Letter from Mittwoch to Snouck Hurgronje (1921).

In the early 1920s, Mittwoch was involved in the planning of the Hebrew University and its School of Oriental Studies. He was invited to Jerusalem to receive a professorship of Arabic for one year, but apparently refused the invitation.

Among his students at the University were Rabbi Joseph B. Soloveichik (later of Yeshiva University), Rav Yizchak Hutner (Yeshiva Chaim Berlin), Rav Menachem Mendel Schneersohn (later the 7th Lubavitcher Rebbe), And Avraham Joshua Heschel (later of Hebrew Union College, Cincinnati, and Jewish Theological Seminary (NY).

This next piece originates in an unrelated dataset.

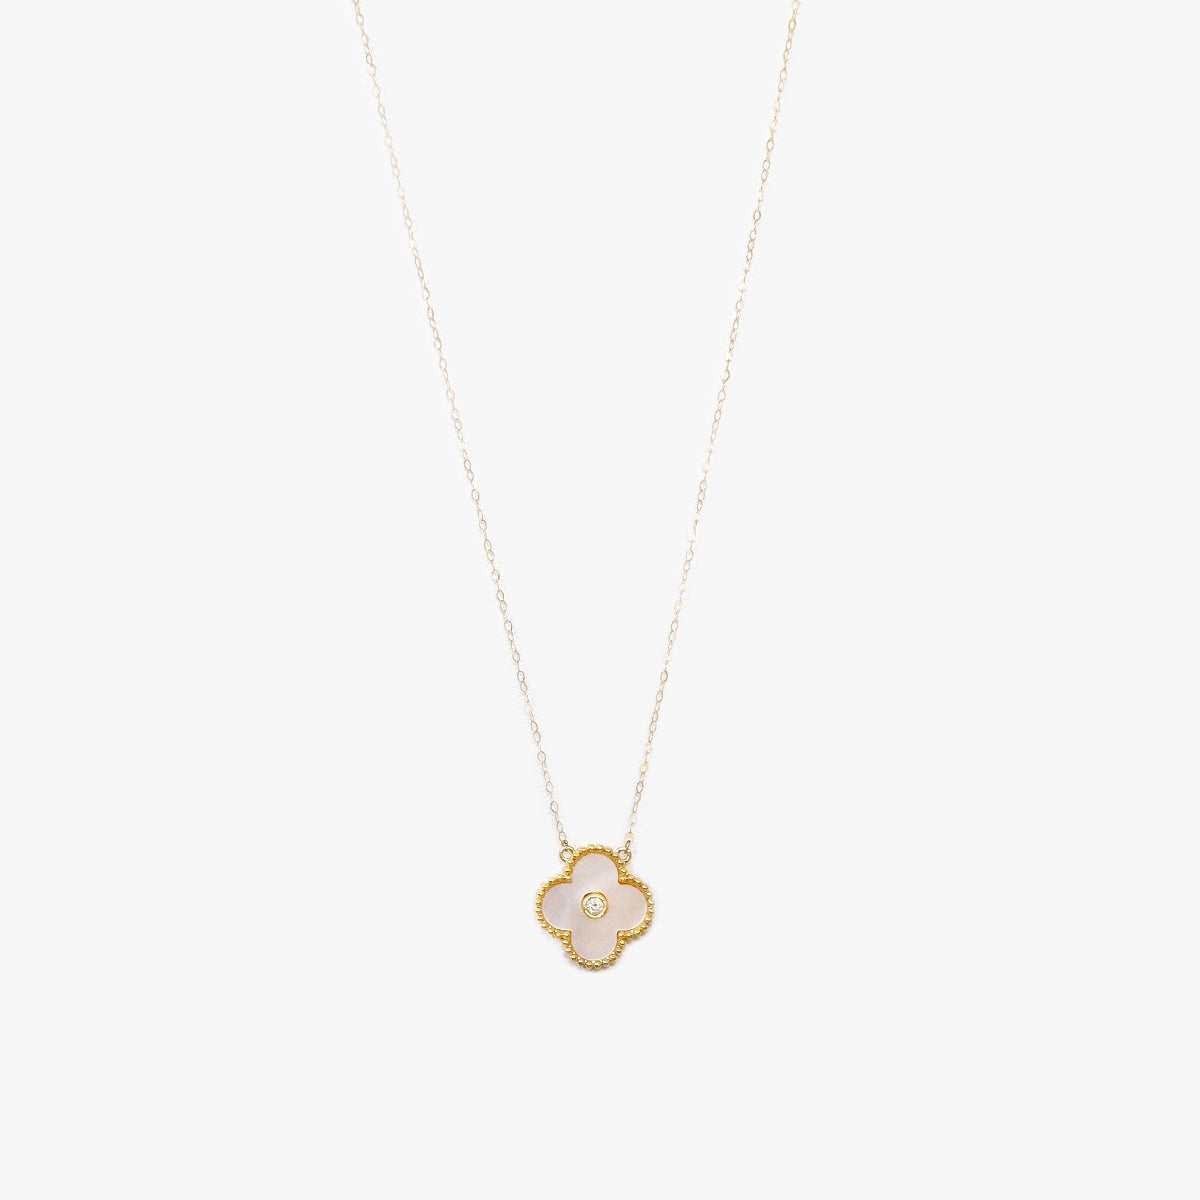 The Designer Pearl and Diamond Necklace in Solid Gold – Flecked with Gold

Since he was a leading specialist on Ethiopian languages world-wide, Mittwoch did not lose his academic position in 1933 immediately like almost all his Jewish colleagues in Germany did at that time. This had to do with a special intervention by Mussolini with Hitler on behalf of Mittwoch. Because of their colonial activities in Ethiopia, the Italians were extremely interested in Mittwoch's knowledge and research. Mittwoch was very active on behalf of the Ethiopian Jews (Falasha), and was also one of the first German Jews who could speak fluent Modern Hebrew.

Starting in 1933, Mittwoch used his "privileged" position in Germany (he continued to receive his salary as a German professor until the beginning of the war) on behalf of the Jewish community, he became head of the American Jewish Joint Distribution Committee in Berlin. However, in 1938, after Kristallnacht, also Mittwoch had to emigrate, and moved via Paris to London with his immediate family. During the last 18 months of his life, he worked for the Middle East department of the British Ministry of Information under the leadership of Ernst Jäckh.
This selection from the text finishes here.